The Chinese textile and clothing sector is losing its sheen as a low-cost destination, as a number of global brands and even Chinese apparel producers look beyond Chinese shores.
China emerged a global apparel manufacturing hub 30 years ago, due to its low-cost raw materials and labour.
However, today, not only foreign brands have gradually begun to pull out of China, even Chinese local brands have begun production facilities outside China.
The driving force behind this change is that raw materials are no longer available at low prices, while labor cost is rising.
In Dongguan City, labour costs have risen by 30 percent and raw materials prices have increased by more than 20 percent in the last one year.

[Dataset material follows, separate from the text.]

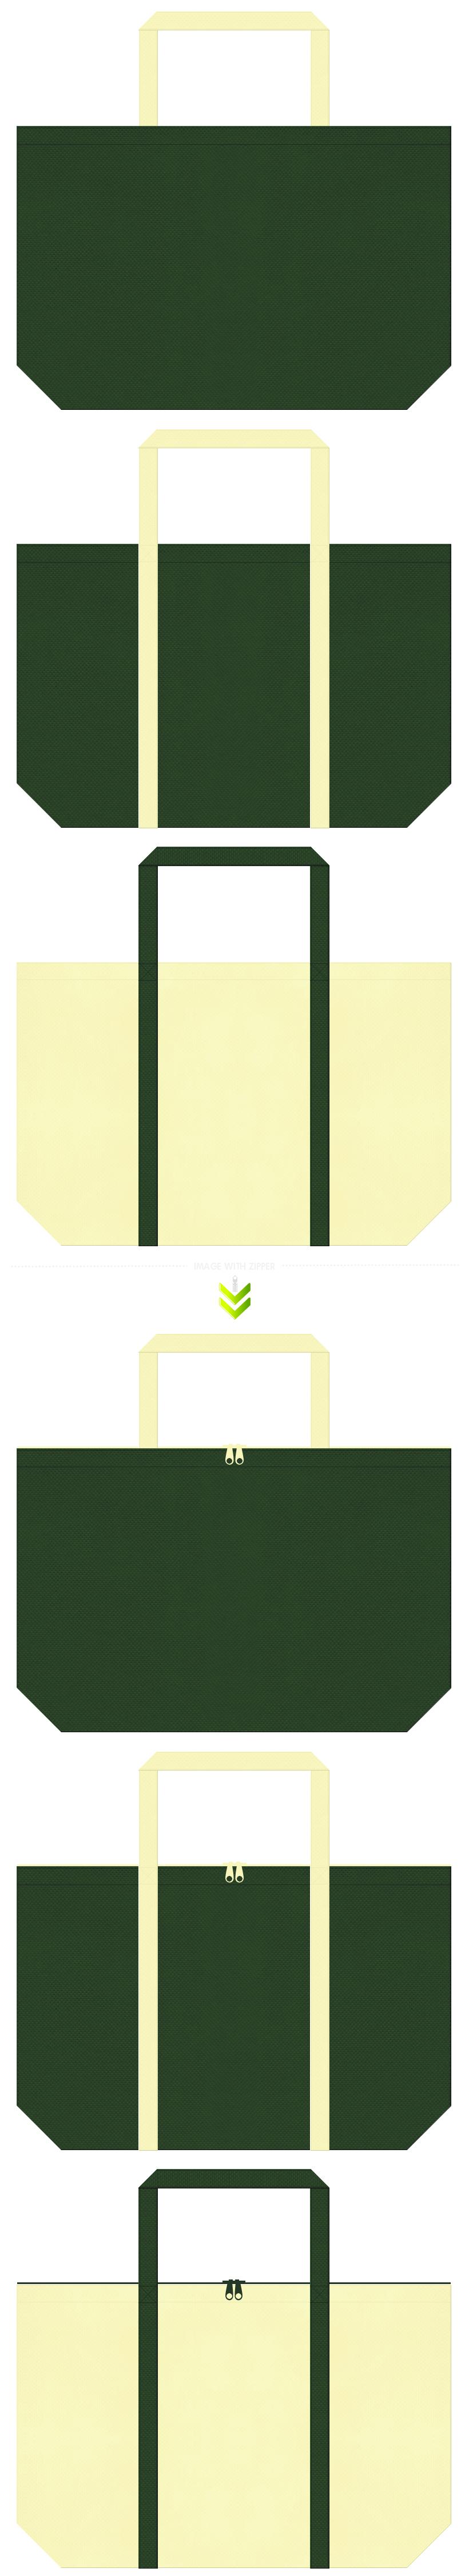 濃緑色と薄黄色の不織布エコバッグのデザイン。

These factors have created pressures on garment exporting companies, to provide their foreign principals goods at cost-competitive prices.
A French newspaper recently reported that, French textile and garment imports from China grew 7 percent in the first 11 months of 2011. However, this increase came on back of hike in prices and not volumes.
In the same period, French imports from Bangladesh and Pakistan grew 26 percent and 29 percent, respectively.
It has also been reported that Italian lingerie brand La Perla moved its production line from China to Turkey and Tunisia last year.
Not only the production bases of foreign brands are evacuating from China, but even local Chinese brands are contemplating shifting operations to low labor cost countries.
Youngor Group which is a major Chinese textile and apparel producer bought over a shirt production unit in Hanoi – Vietnam last year.
Experts forecast that, more foreign or locally owned production units will move to foreign shores in 2012, in quest of low-cost production.